Beyond the genome

Our bodies consist of over 200 different types of cell. Each cell type looks and functions differently from one another, yet they all originated from the same fertilised egg and therefore share the same genetic code. Clearly, the remarkable diversity of cells must be generated independently from their genetic code. These observations can now be explained by an exciting new branch of biology – epigenetics – the study of how the cellular material that sits outside the genome is able to influence gene activity.

Underpinning epigenetics is an array of over 100 possible chemical modifications to DNA and associated proteins. Each modification can act as a signal, either individually or synergistically, to switch on or off gene activity. In this way, epigenetic modifications provide an additional layer of regulatory information over the genome, leading to many possible interpretations of the same genetic code. This can explain a conundrum that has baffled scientists – how genetically identical twins, for example, often look dissimilar and have varying disease susceptibility despite sharing the same genetic code.

Epigenetic modifications

The best characterised epigenetic modification is DNA methylation, which occurs predominantly on the carbon 5 position of cytosine (5-methylcytosine or 5mC) and accounts for ~2% of all DNA base pairs. The presence of 5mC is now recognised as the main epigenetic process through which gene activity is silenced in our genomes.

For many years, DNA methylation was assumed to be a highly stable and long-lived epigenetic modification. At an early stage of development – approximately one week after fertilisation in mice – genomes start to become modified via DNA methylation, which leads to the silencing of genes that are not required for development. As cells grow and divide, methylated DNA is copied to daughter cells, ensuring that epigenetic information is passed on to a new generation of cells.

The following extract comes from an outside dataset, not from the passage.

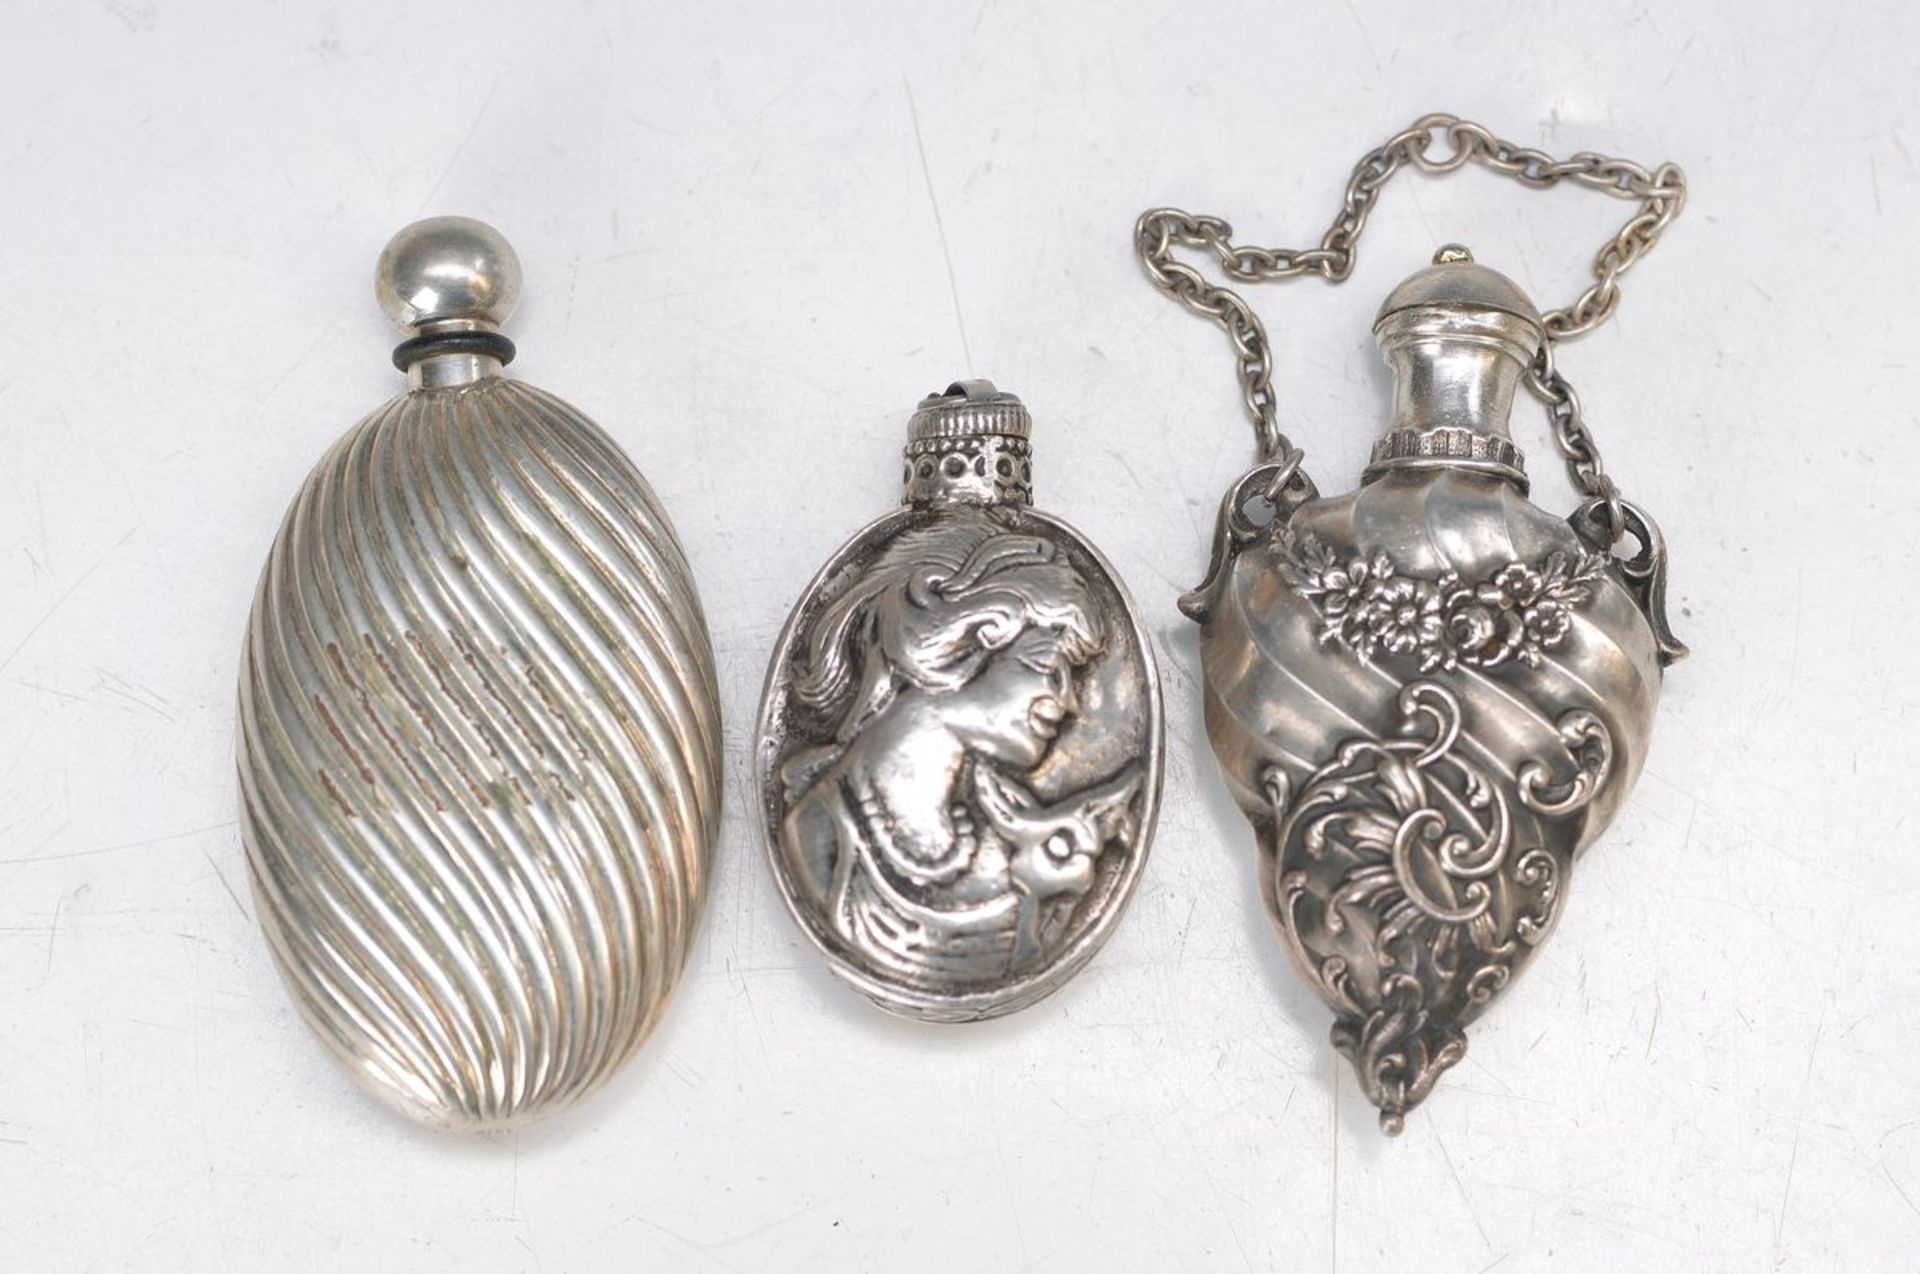 3 snuff bottles, around 1900, silver, 1 of 925 Sterling silver with Rococo decor, 6cm; 1 with

This is important because, without the inheritance of epigenetic information, it is likely that individual genes would become active in newly formed cells and this could lead to deleterious effects.

An important example of this effect was identified in the 1990s by Evani Viegas-Pequignot at the National Institute of Health in Paris, France, and Stanley Gartler at the University of Washington, Seattle, US. They found that individuals with mutations in a key enzyme that is required to methylate DNA showed reduced DNA methylation levels in several genes and an inability to silence those genes. These individuals suffered from a deficient immune system and facial anomalies, demonstrating the importance of maintaining appropriate DNA methylation during development.

In the majority of individuals, DNA methylation is a stable epigenetic modification. But, every now and again, mistakes are made during the copying of epigenetic information during cell division. Many of these isolated incidents can be tolerated by cells and seem to have little consequence on gene activity. Genomes go to great lengths to ensure that epigenetic errors are not passed to future generations and therefore nearly all methylated DNA is erased from the genome during the formation of sperm and egg cells, and also again within hours after fertilisation. This ensures a clean slate for the next generation but posed a dilemma for scientists trying to understand epigenetics – to remove the methyl group from cytosine would require the breaking of a strong carbon–carbon bond.

After many years of searching, scientists have recently discovered two new multistep biochemical processes that have the potential to remove 5mC from our genomes. In one, Anjana Rao and colleagues at Harvard Medical School, US,¹ demonstrated that the enzyme TET1 could oxidise 5mC to 5-hydroxymethylcytosine (5hmC). As 5hmC is functionally different to 5mC and cannot recruit repressive binding proteins to silence gene activity, the current hypothesis is that 5hmC may be an intermediate step in the active removal of 5mC. In another, several research groups have reported biochemical evidence showing that specific enzymes can deaminate 5mC to thymine, thus providing a second potential pathway for active DNA demethylation. At present, it remains unclear the extent to which these two multistep processes are occurring in our cells and whether there is any overlap between the two pathways.

These recent discoveries have generated a great deal of excitement, not simply because they finally provide an explanation for the removal of DNA methylation, but, more broadly, they provide fundamental understanding about how our genomes are regulated. They may eventually lead to improvements in our ability to manipulate gene activity in cells and potentially to reverse disease by jump-starting a gene that has been silenced through DNA methylation.

Another major process through which epigenetic information can influence gene activity in cells is by modifying the proteins that associate closely with DNA. DNA is wrapped around histones, a family of proteins that can influence how the genome is interpreted. Histones are constantly undergoing biochemical reactions – acetylation, methylation, phosphorylation etc – within the nucleus of cells. Each modification can contribute to different functional outcomes, for instance, in altering gene activity, or marking the underlying DNA for repair. This complexity led David Allis at The Rockefeller University, US, to hypothesise that combinations of histone modifications – the ‘histone code’ – regulate our genome in an ordered and predictable manner.² Amazingly, this implies that if we could decipher the histone code, then we could use that information to uncover new drug targets and selectively control gene activity.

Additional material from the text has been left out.